Ross, senior advisor for innovation to US Secretary of State Hillary Clinton, knows this all too well.

“Discussions on my Facebook page tend to be more civilised than on Twitter, and I think that’s in part because of the real name policy,” he told Idealog.

This is the aspect of the web that he likes the least, he says, and is an area where he sees room for innovation. Just how do we inject moderation into polarised conversations? Ross doesn’t know, but he hopes somebody will figure it out.

In the meantime, sanity suffers on.

Almost as big as the printing press

That said, technology is simply a tool, and not inherently good or evil. Technology has been central to Ross’ career (he started One Economy in 2000, a non-profit bringing technology to low-income people around the world, and after being recruited to the 2008 Obama campaign, was instrumental in its innovative use of social media to mobilise new ranks) and he believes the internet has had the biggest impact of any technology since the printing press.

A question from the audience: Is it disruptive enough to put an end to the nation state as we know it?

Ross acknowledges that the internet “doesn’t respect national lines” and that boundaries are being eroded, but while the ancient concept of state sovereignty has been shaken, it won’t be destroyed, he says.

A baseline of transparency

For decades politicians have largely worked behind closed doors. Today, we expect more from them and in turn, they must tread a fine line between security and accountability.

“There is an implicit tension. The question for me is what is the default setting – is it open or is it closed? What’s important is the default be openness and transparency,” says Ross. “There are necessary security conditions; it’s still necessary for there to be confidential communications between diplomats. I don’t want a webcam streaming everything I do in my office. We’ve tried to move it from transparency being the exception to being the norm. But it’s never 100 to zero. I live in a world of nuance.”

So has he seen a mindset shift within the US government?

Ross is quick to emphasise that he’s not the only one responsible for effecting change.

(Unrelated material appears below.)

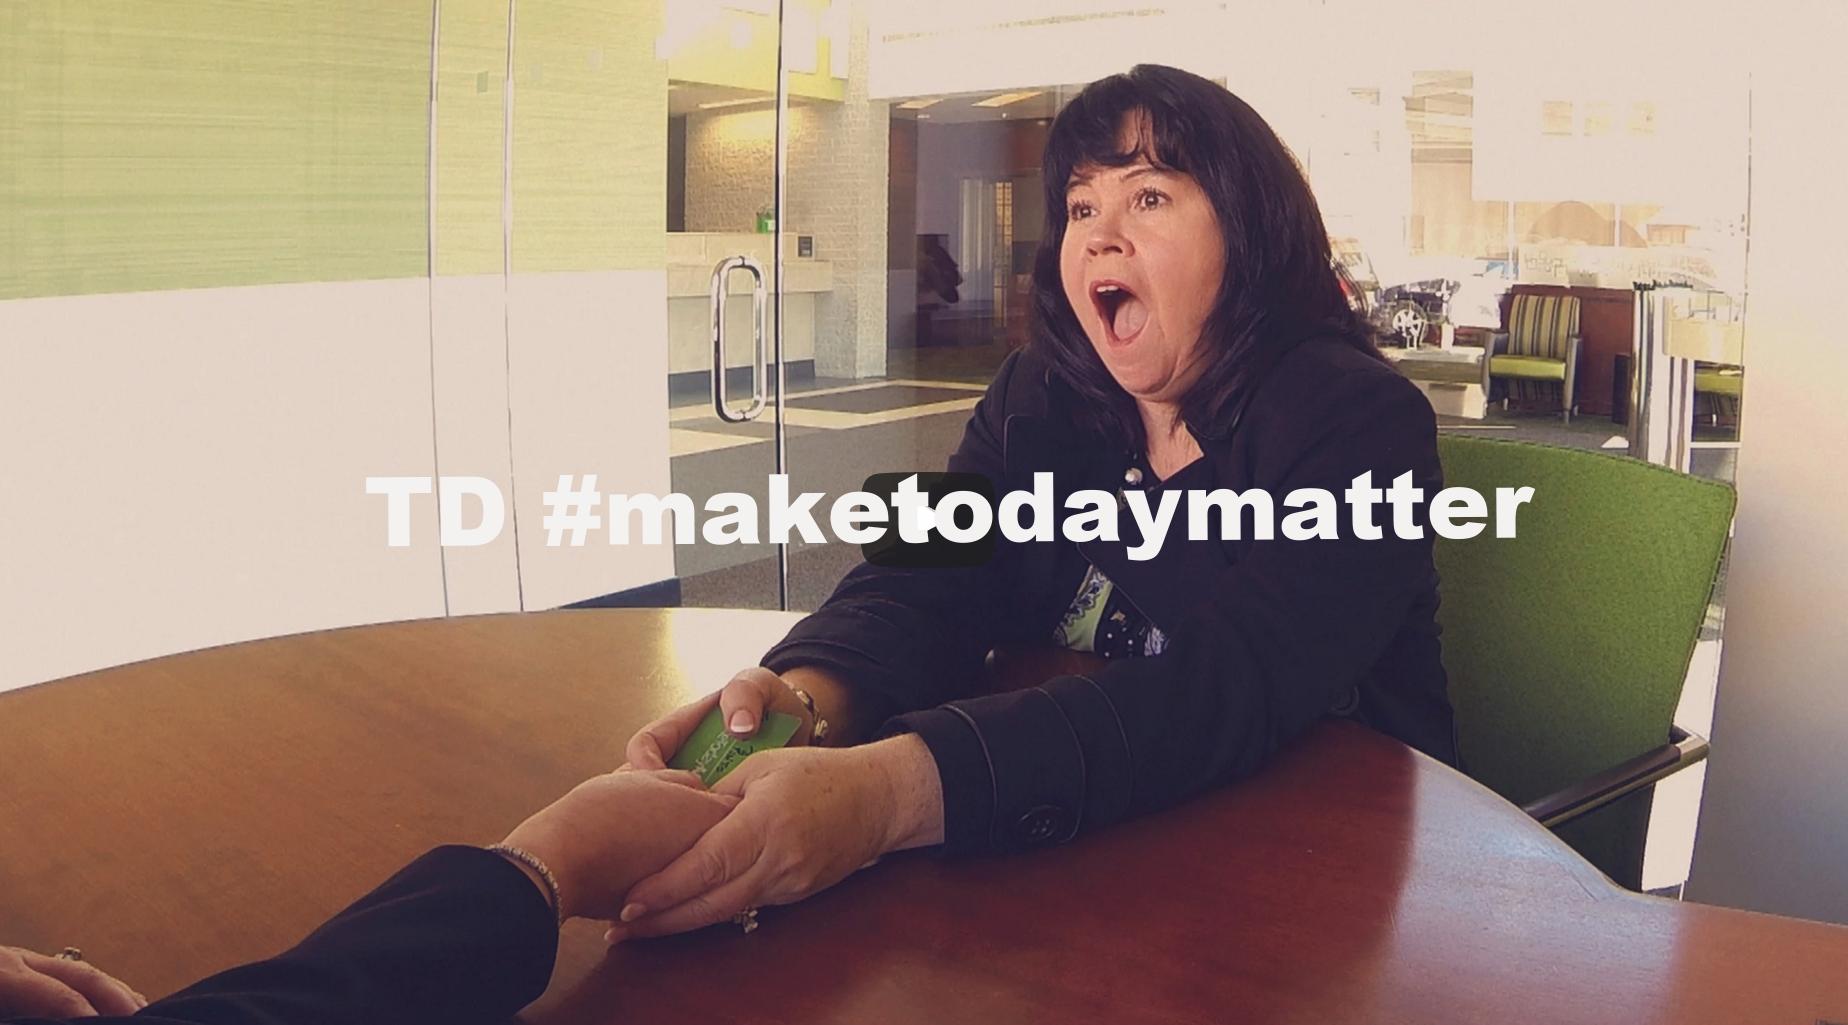 TD #Maketodaymatter
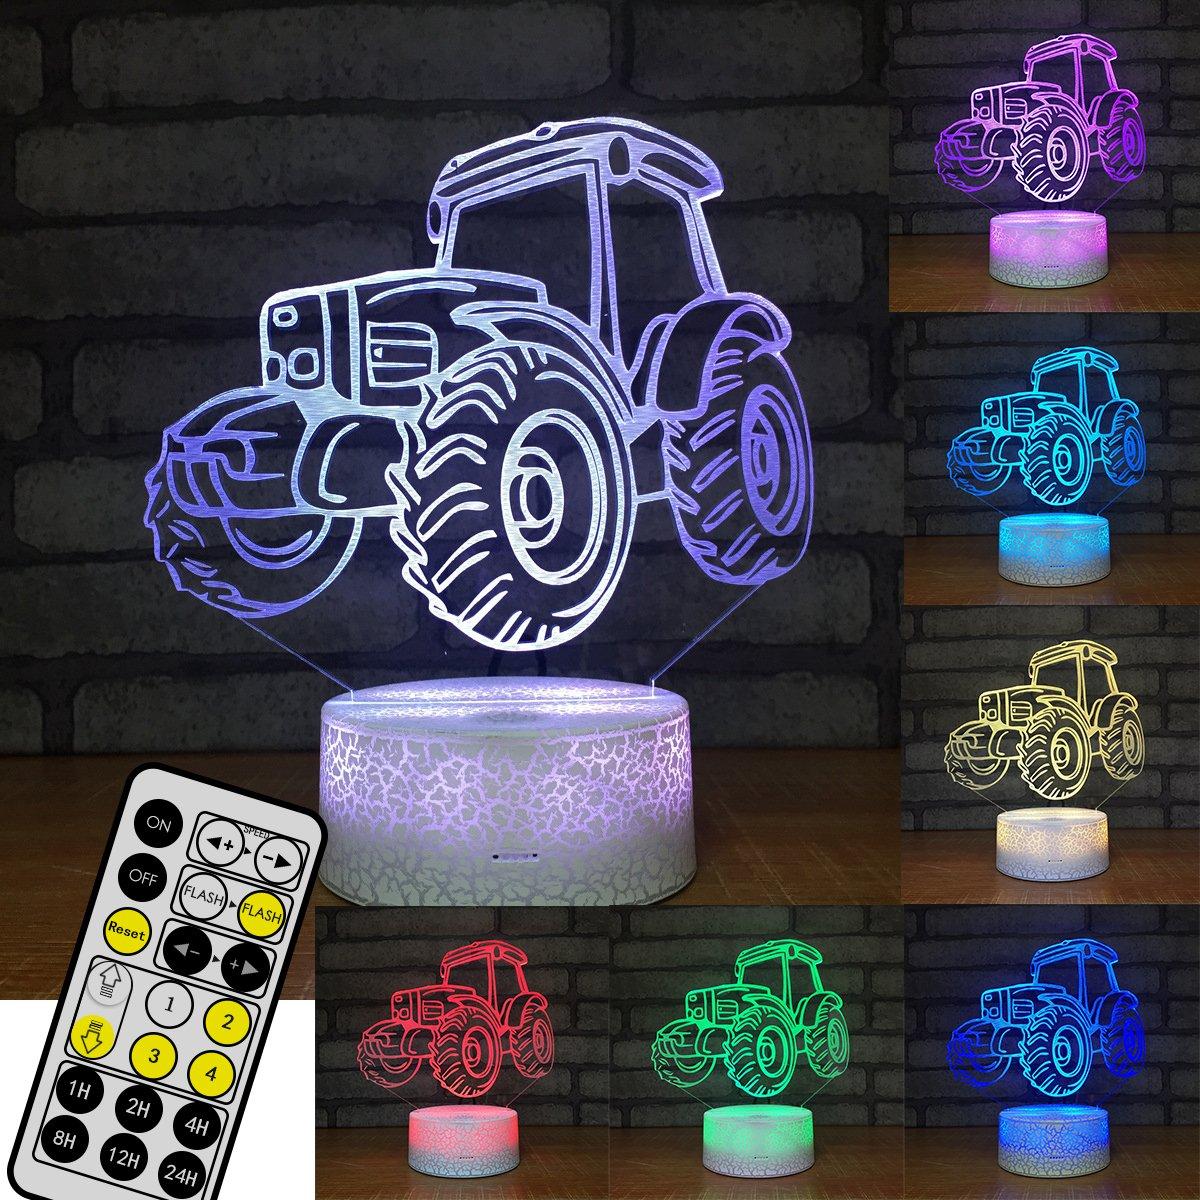 Tractor Led Novedad Illusion Night Car 3d Efecto Light OPknXw80

“Our team at the State Department – I feel like we’re the All Blacks. We’re a good team and it’s not all about one player,” he says. “I do believe we’ve significantly changed the way that people think about foreign policy. I think before, foreign policy was perceived to be just between people sipping coffee at a mahogany table behind closed doors with flags flying in the background, having one-on-one government-to-government communications. I think foreign policy has been wildly opened up and I think we’ve played a meaningful role in that.”